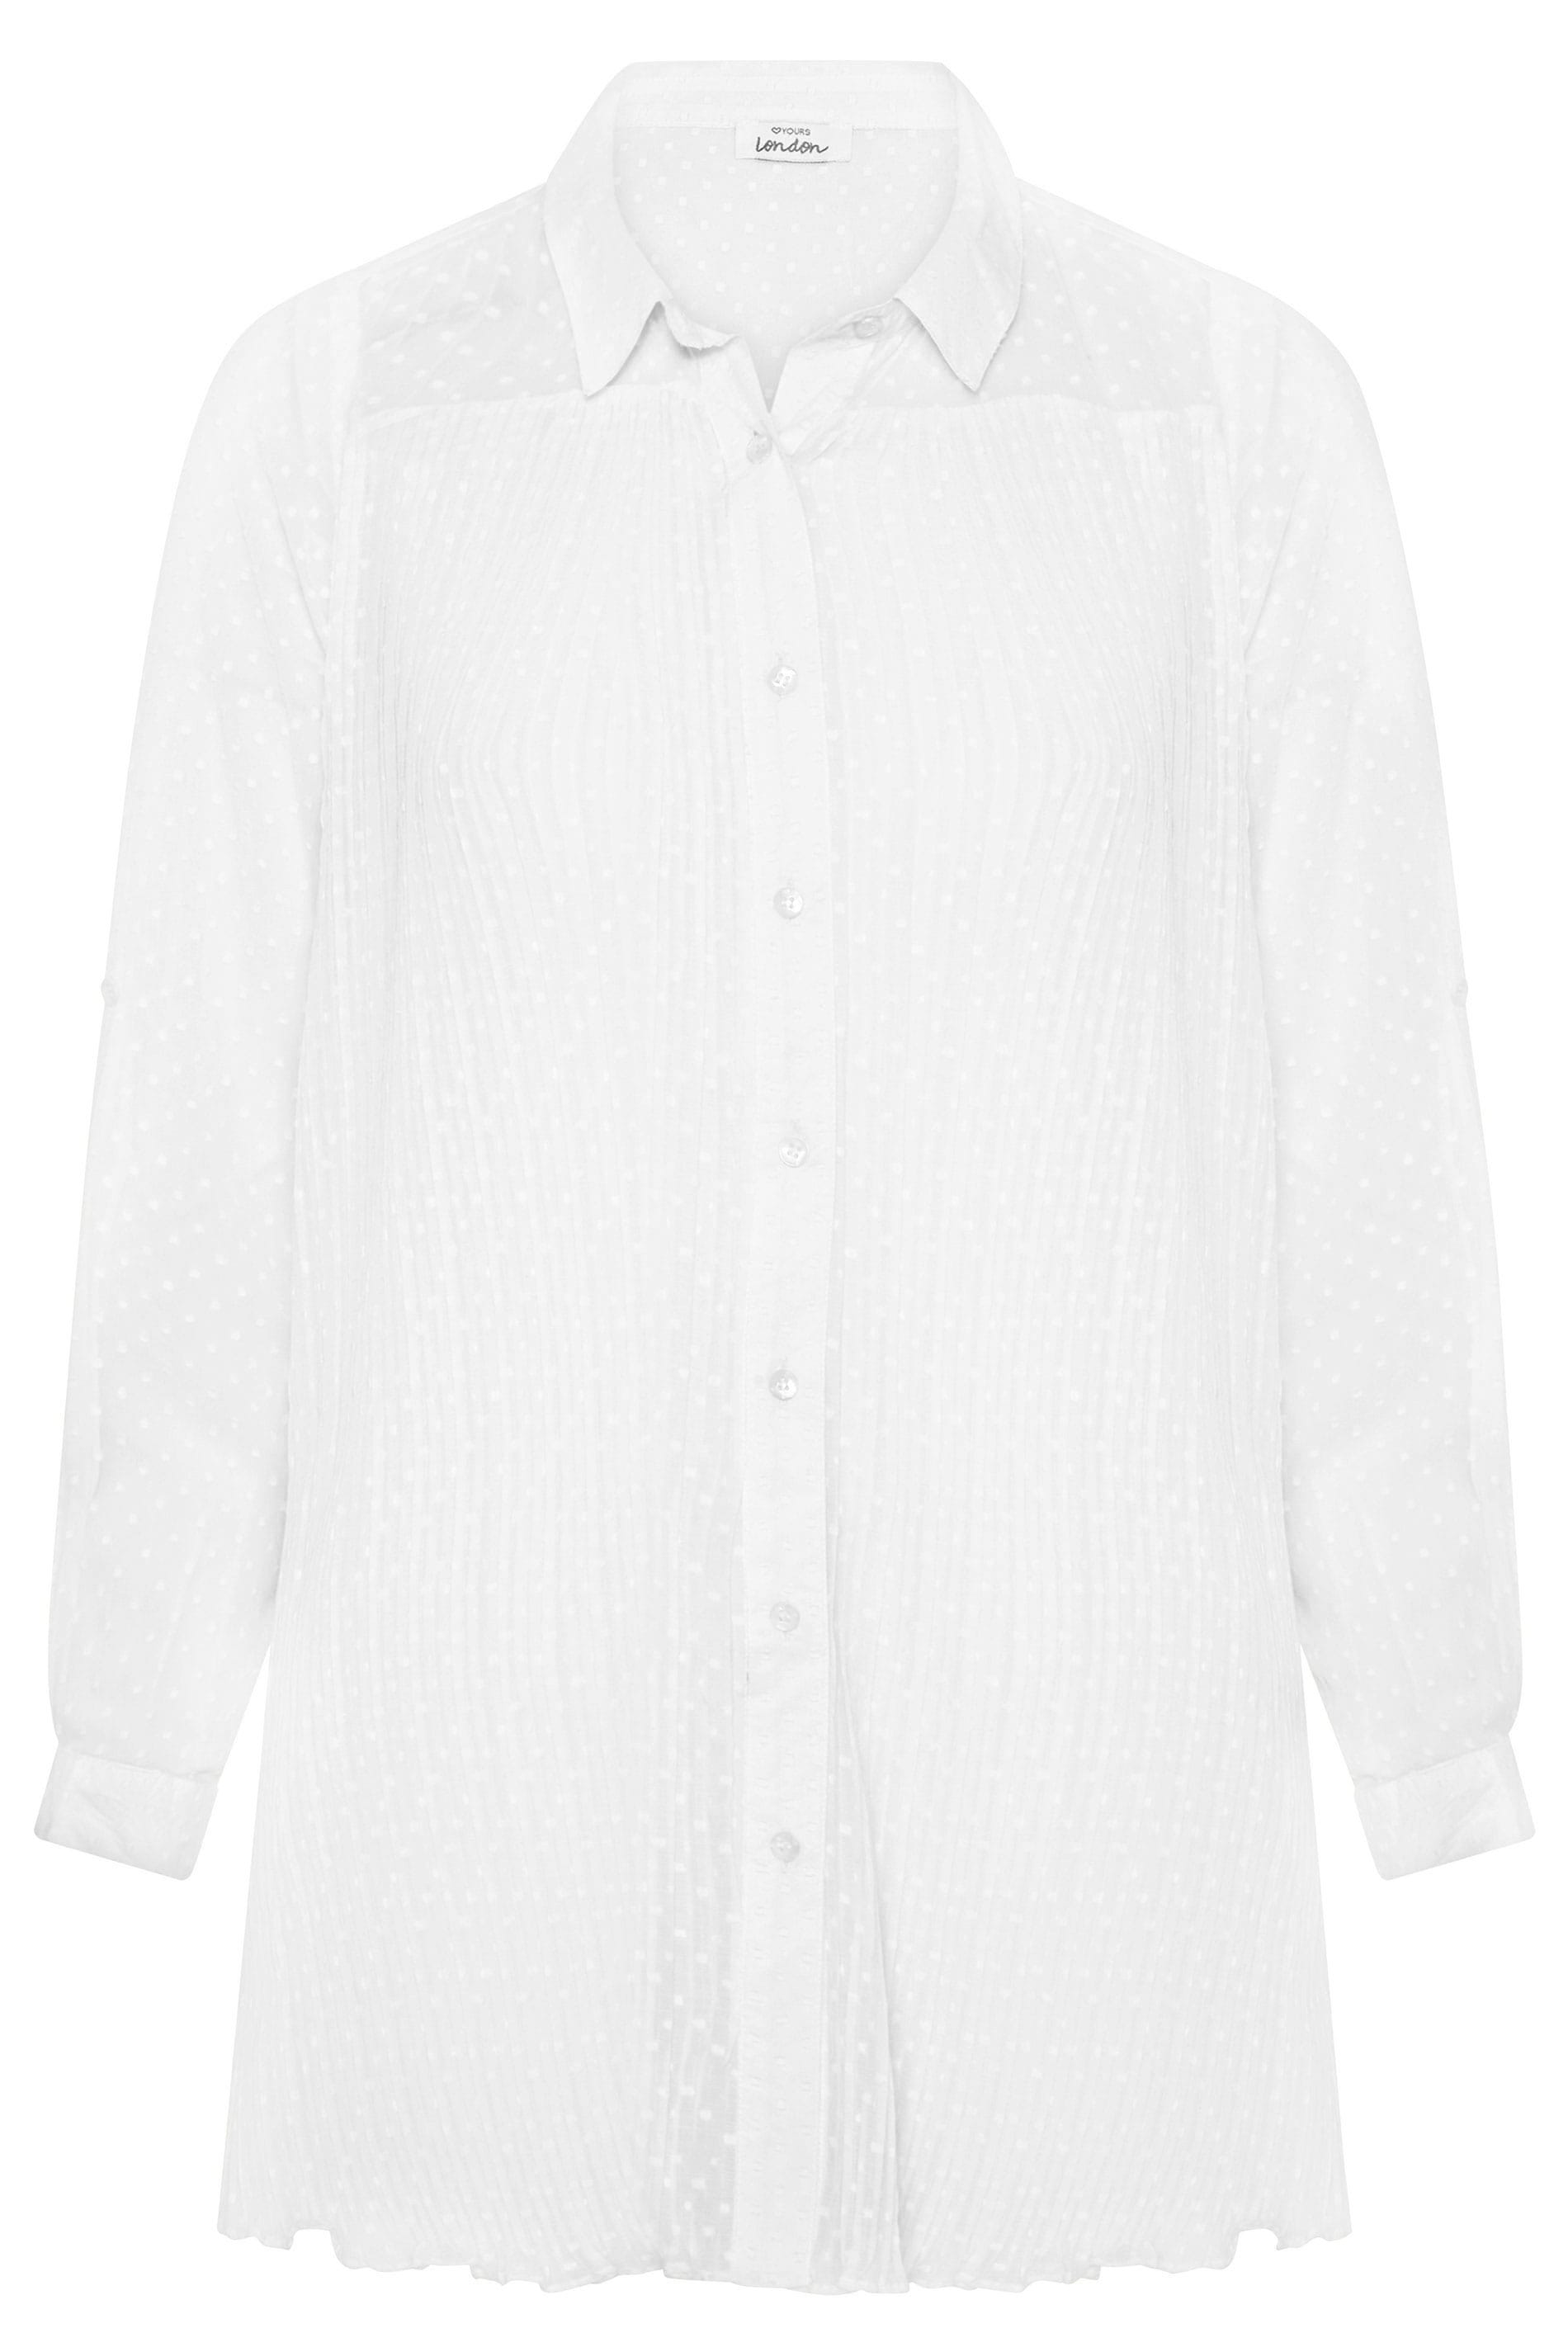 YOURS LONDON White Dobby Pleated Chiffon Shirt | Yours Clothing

○ ○ ○ ○ ○ ○ ○

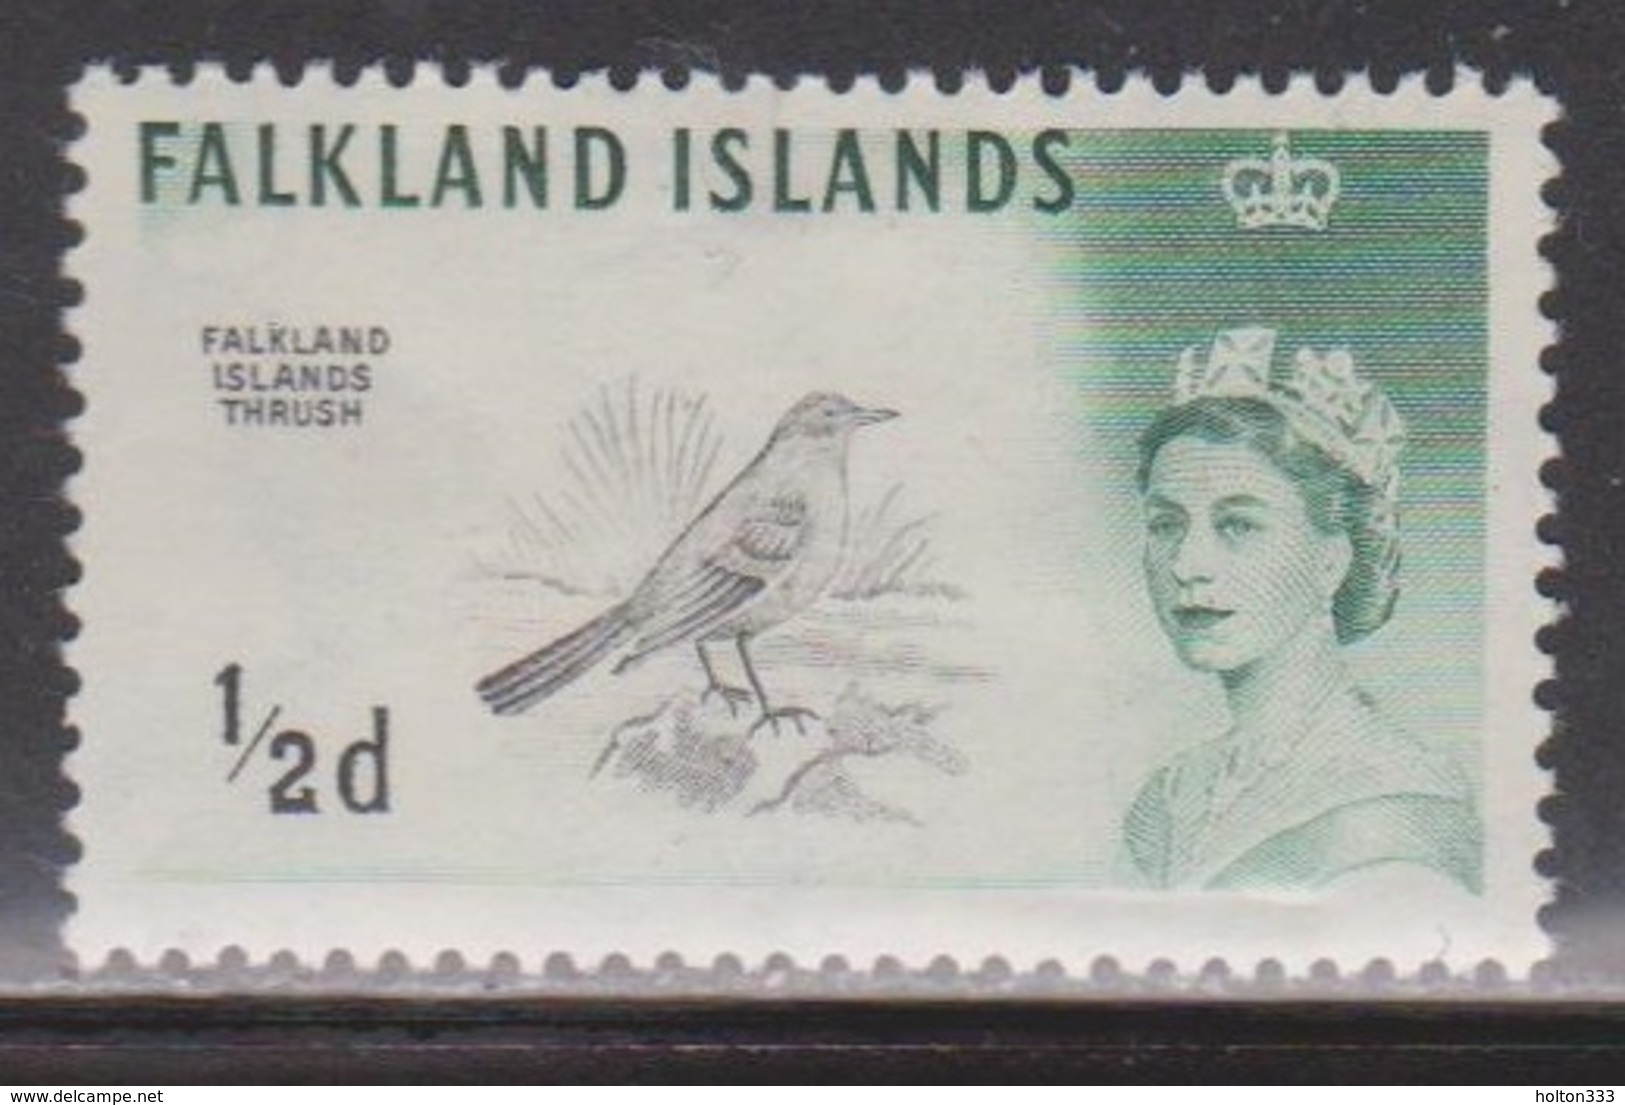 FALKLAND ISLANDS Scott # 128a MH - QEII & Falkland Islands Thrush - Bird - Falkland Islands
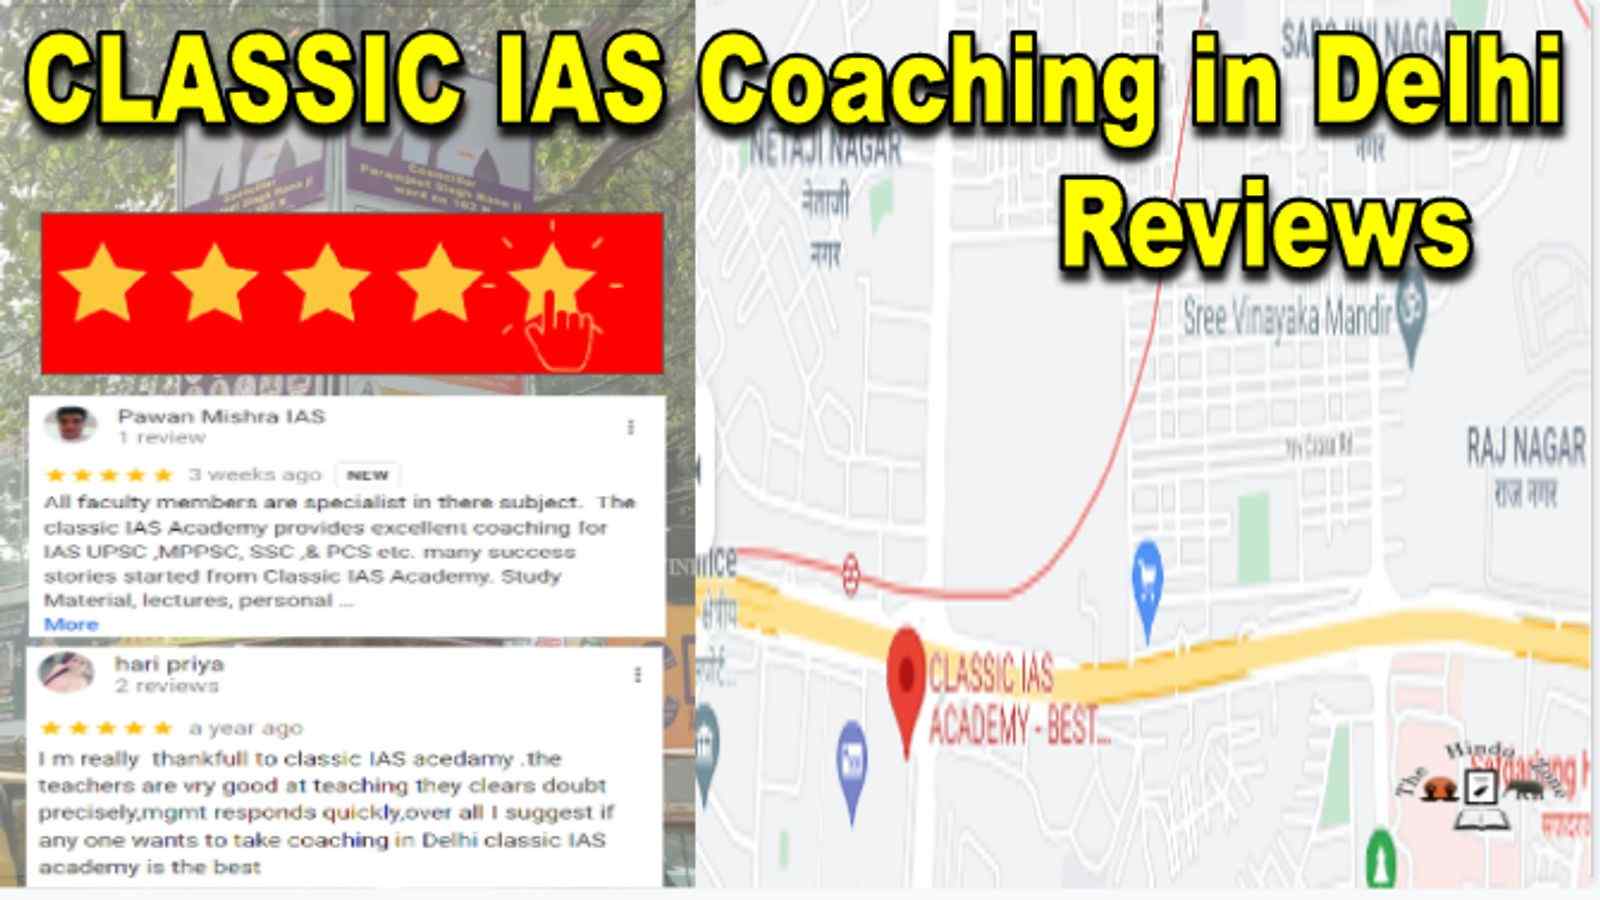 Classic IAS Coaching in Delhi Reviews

○ ○ ○ ○ ○ ○ ○

EXERCISE REQUIREMENTS >>
From the material above, output only the span of lines that starts at the one containing "FALKLAND ISLANDS Scott" and finishes at the one containing "Classic IAS Coaching in Delhi Reviews", word for word and free of pictures.

TASK SOLUTION >>
 FALKLAND ISLANDS Scott # 128a MH - QEII & Falkland Islands Thrush - Bird - Falkland Islands
 Classic IAS Coaching in Delhi Reviews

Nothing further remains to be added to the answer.